GIVEN DATA below:

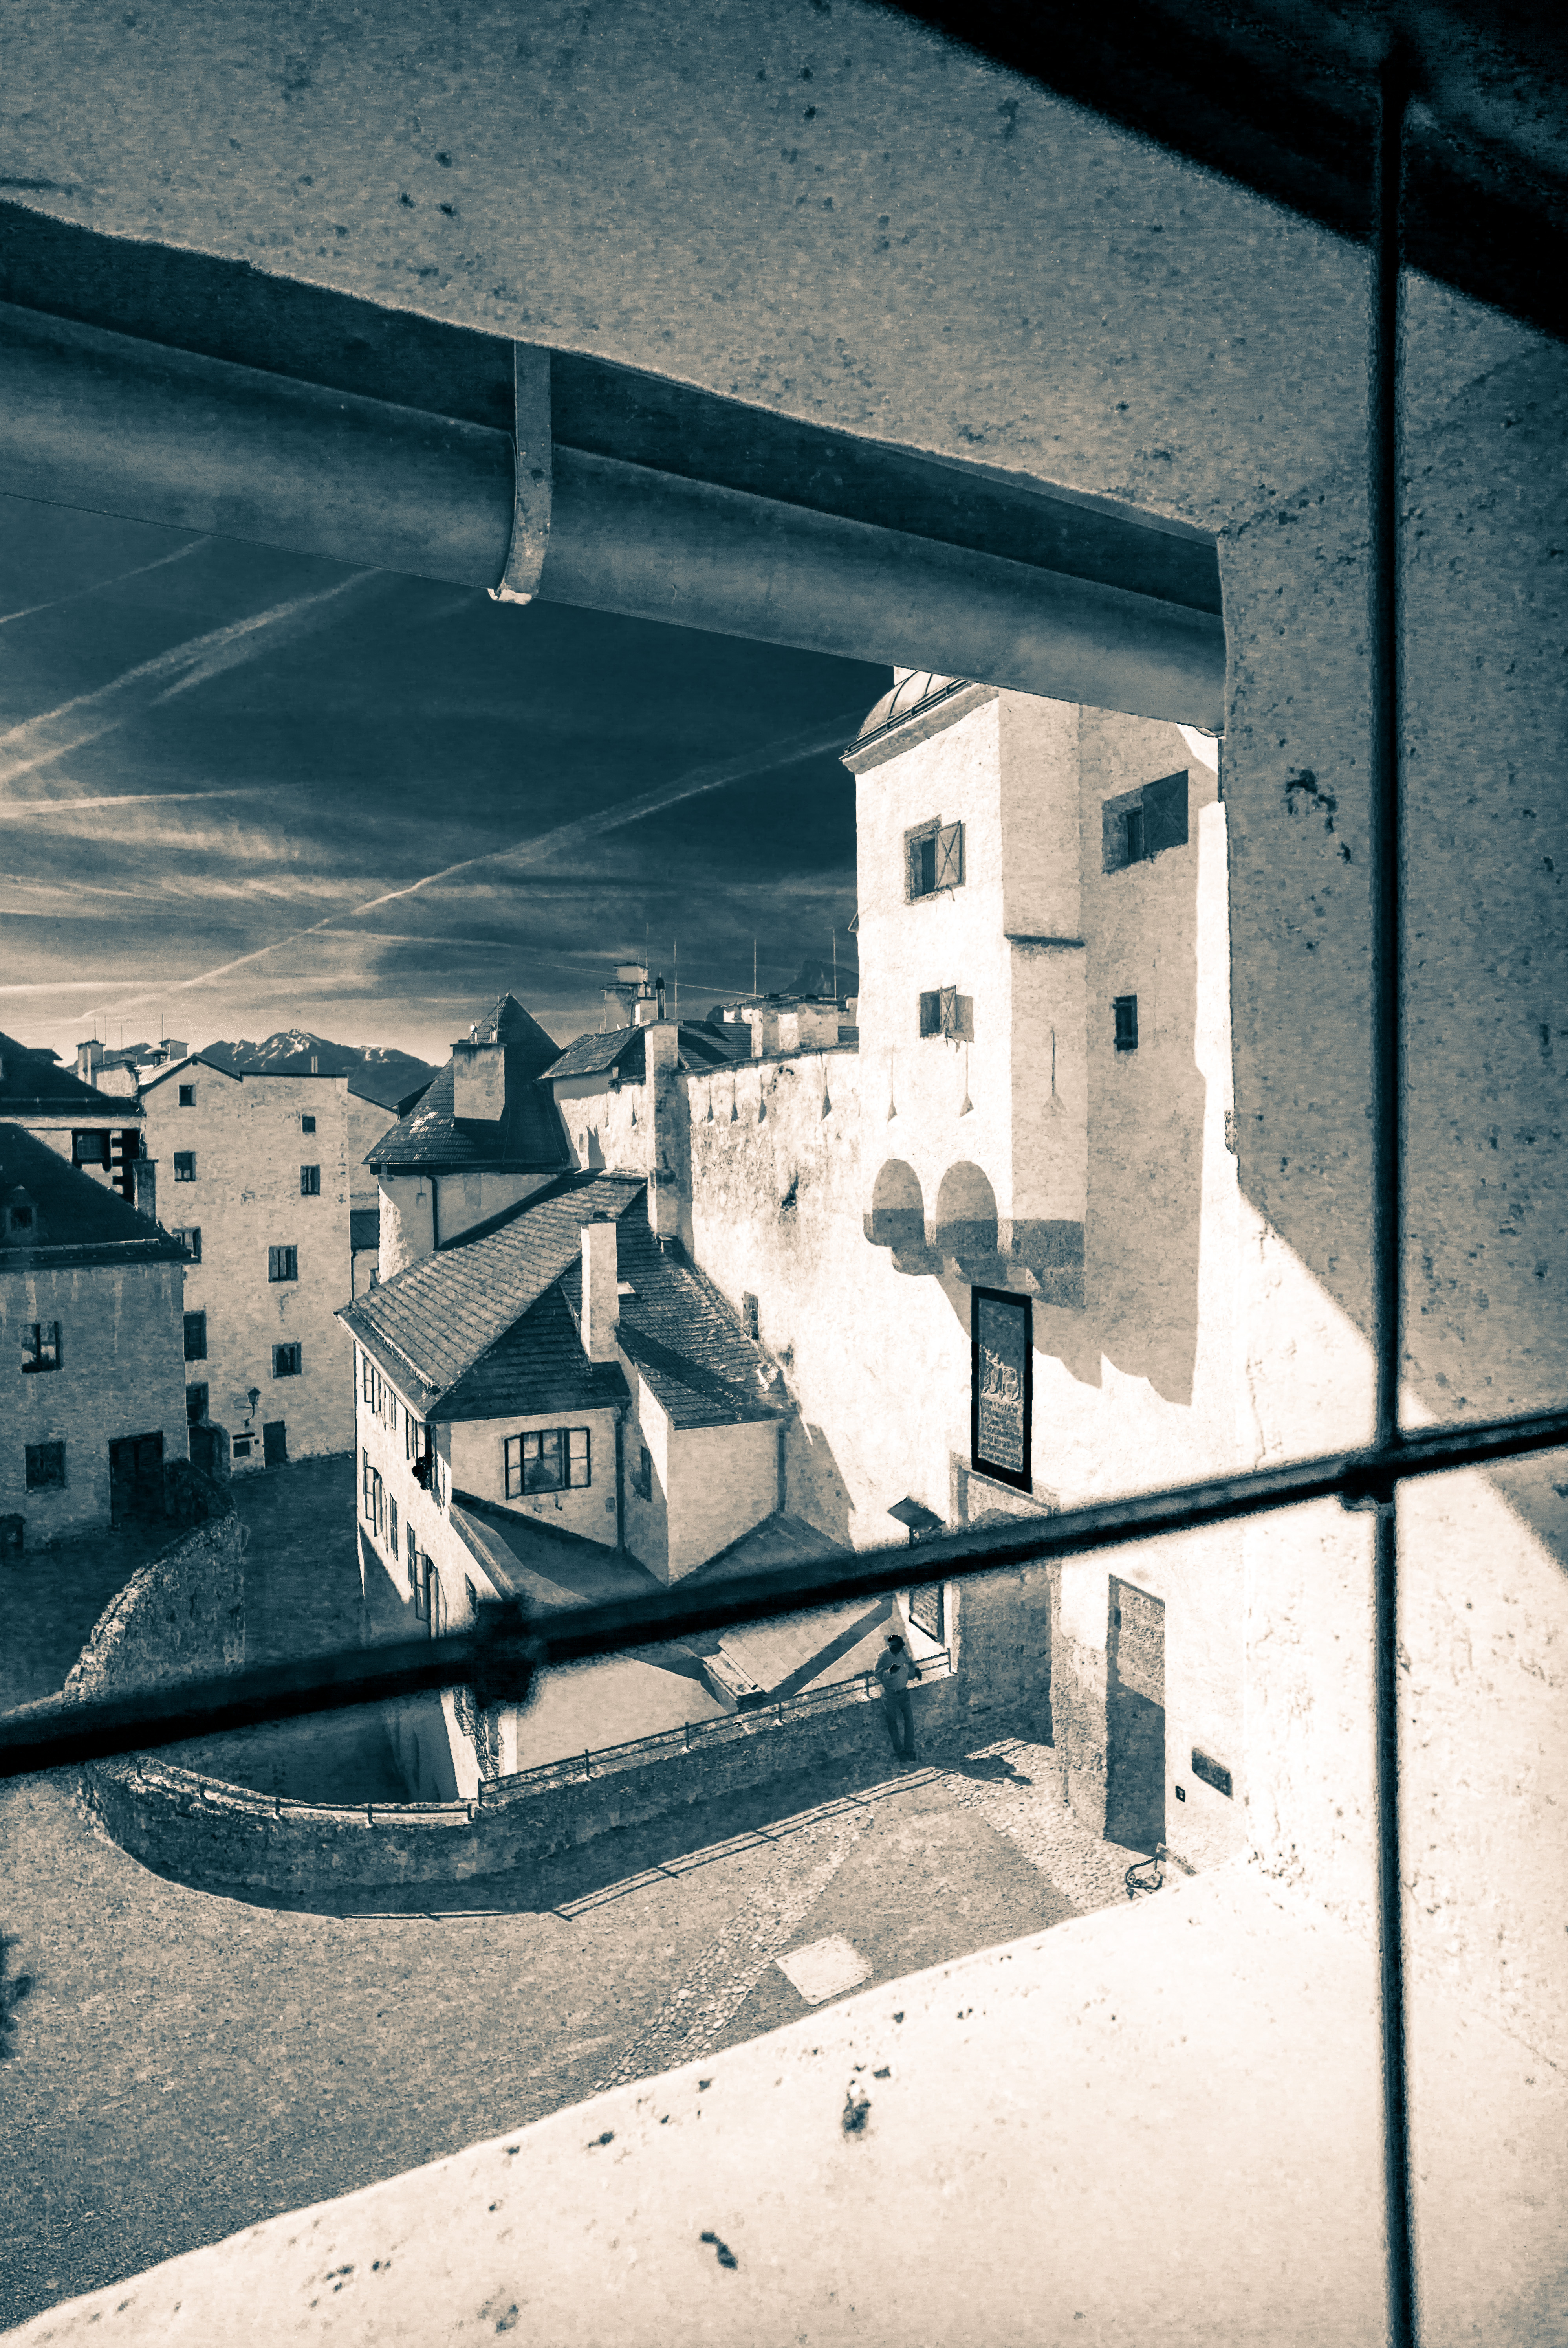 Looking out a window, HohensalzburgLeica M, Leica Super-Elmar-M 1:3.8/18mm, ISO 200, f/5.6, 1/2000 sec
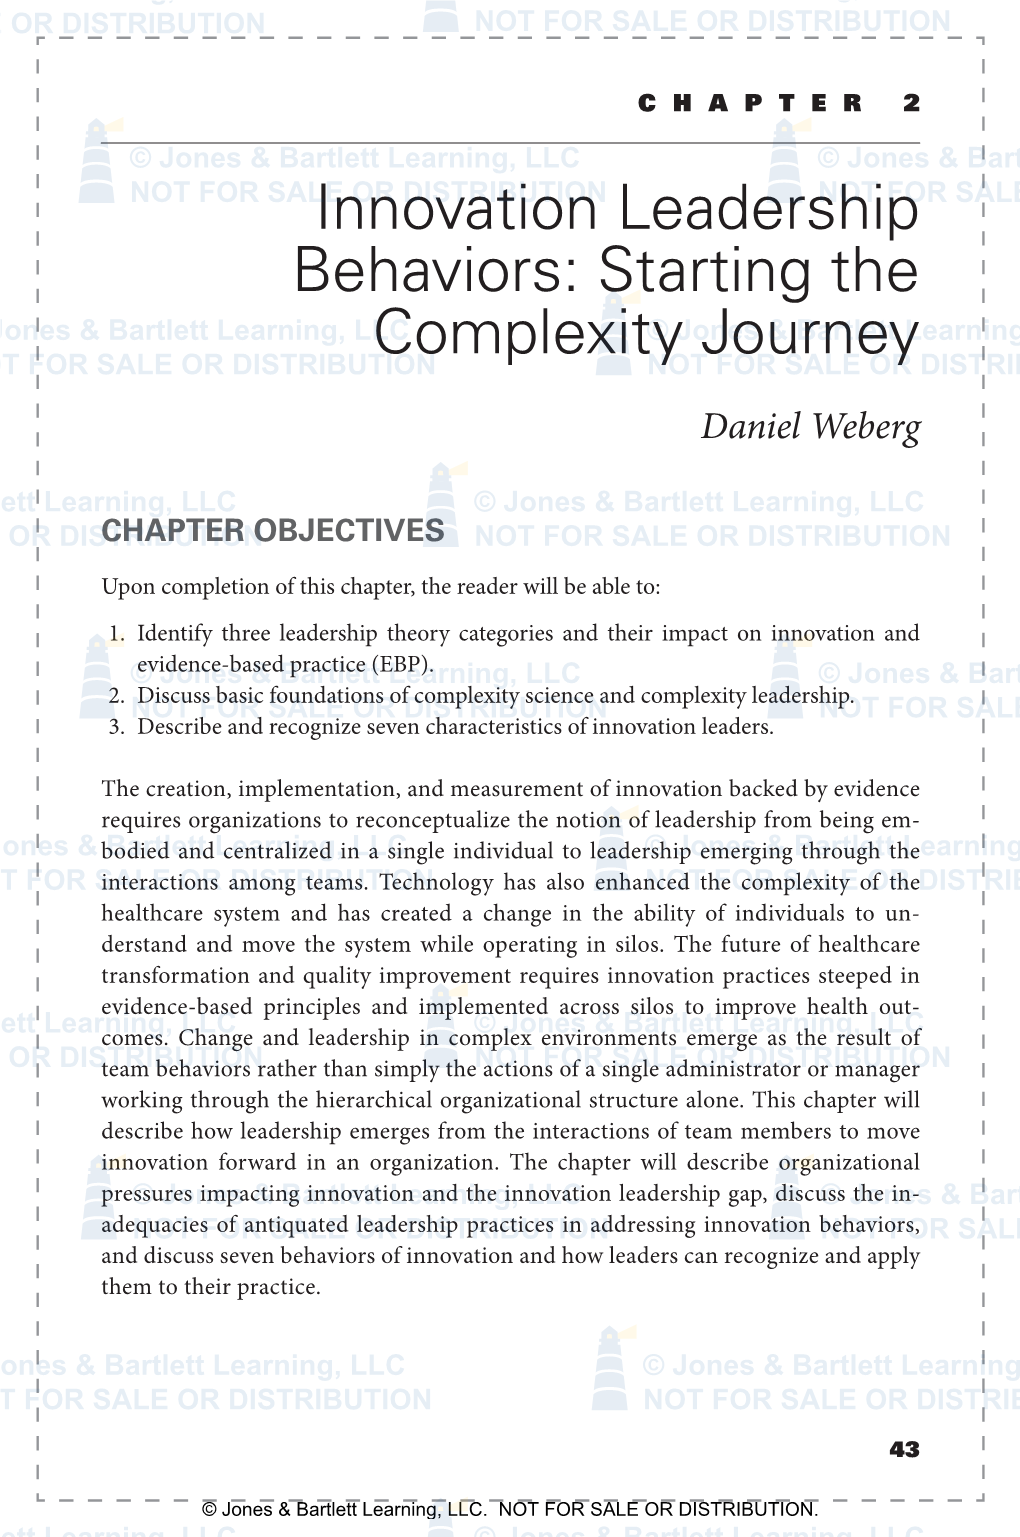 Innovation Leadership Behaviors: Starting the Complexity Journey
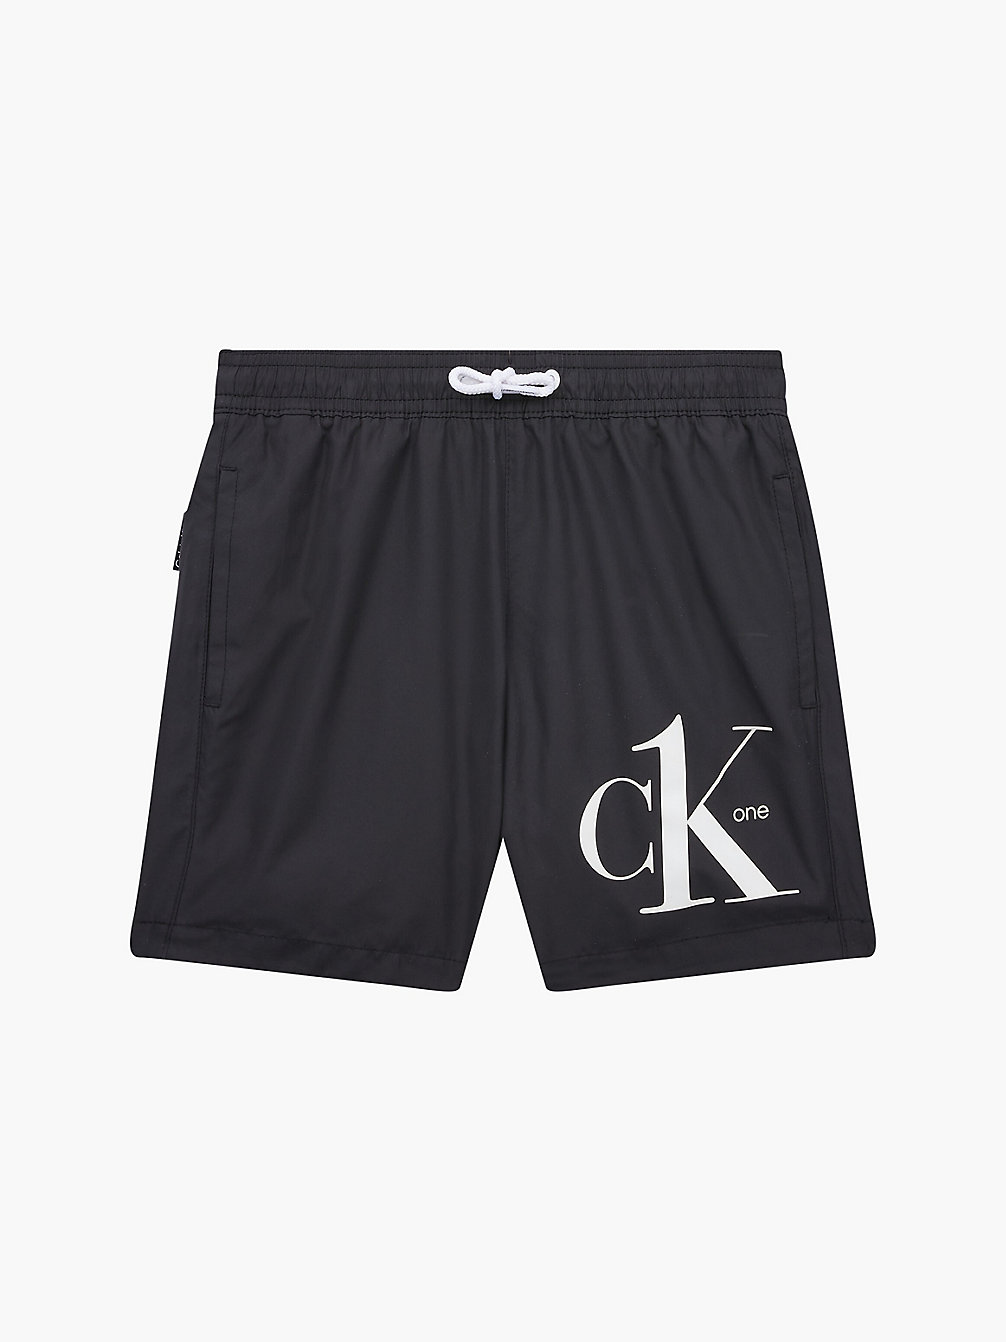 PVH BLACK Boys Swim Shorts - CK One undefined boys Calvin Klein

End of GIVEN DATA.

TASK GOAL => The reply has to reproduce every line above verbatim and contain no pictures.

ANSWER FOR THIS EXERCISE =>
 Looking out a window, HohensalzburgLeica M, Leica Super-Elmar-M 1:3.8/18mm, ISO 200, f/5.6, 1/2000 sec
 Innovation Leadership Behaviors: Starting the Complexity Journey
 PVH BLACK Boys Swim Shorts - CK One undefined boys Calvin Klein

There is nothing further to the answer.